N’oubliez ceci, pour l’amour de Dieu :
vous êtes colérique de complexions[2].
Gardez que le soleil, à son ascension,
ne vous trouve replet d’humeurs chaudes ;
car s’il le fait, j’ose bien gager un liard
que vous aurez fièvre tierce,
4150ou chaud mal, qui peut être votre mort.
Pendant un jour ou deux il faut prendre des digestifs
de vers, avant de prendre vos laxatifs :
de la lauréole, de la centaurée, de la fume terre,
ou bien de l’ellébore, qui pousse ici,
ou de l’épurge, ou des baies de bourdaine,
ou du lierre terrestre de notre cour, qui est si plaisant à voir ;
picorez-les tout comme ils poussent, et les avalez.
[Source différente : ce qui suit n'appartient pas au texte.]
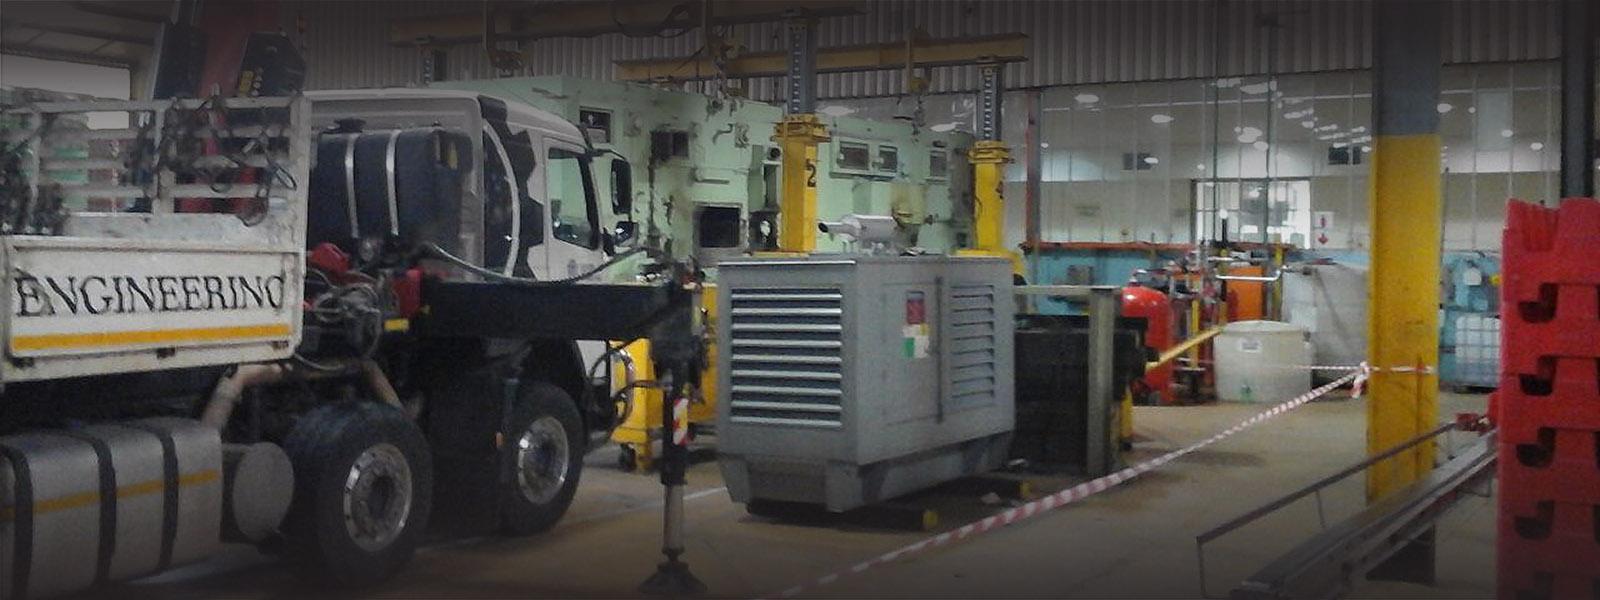 heavy-lifting-division-projects-MME-machine-moving-engineering-equipment-Gauteng-KwaZulu-Natal-ZA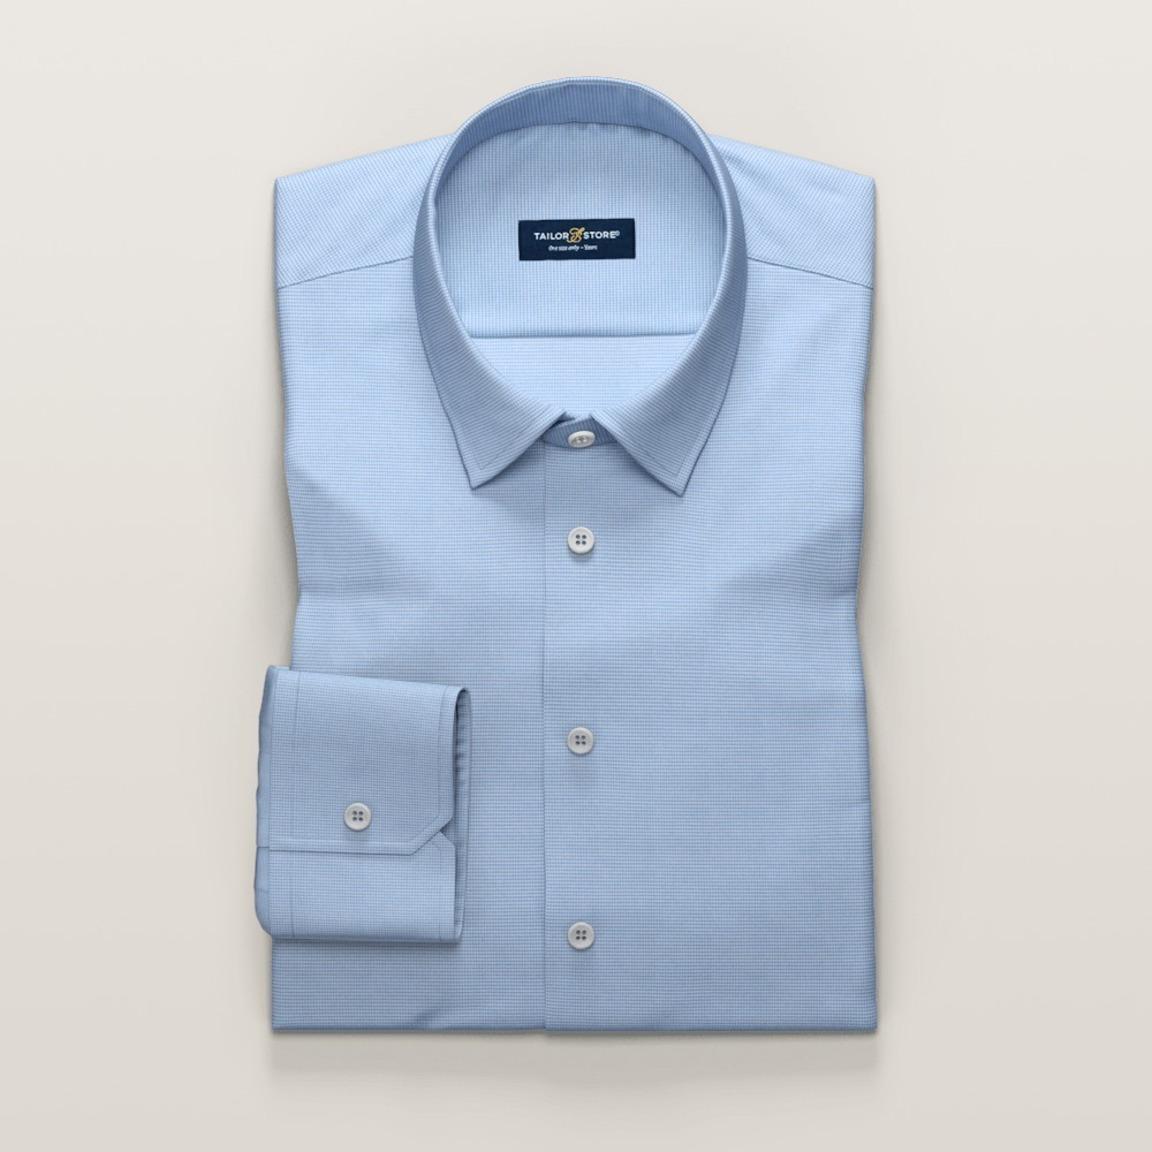 Alpha M - Business shirt in light blue dogtooth weave

Soyez gaillard, mon mari, par la race de votre père !
Ne craignez les songes ; je ne puis vous dire plus. »
4160    « Madame, dit-il, grand merci de votre science.
Mais néanmoins, touchant dom Caton,

  1. Dionysius Cato, auteur de Disticha de Moribus, livre très lu dans les écoles du temps (lib. 2, dist.32).
  2. Ici, combinaison générale des humeurs, tempérament.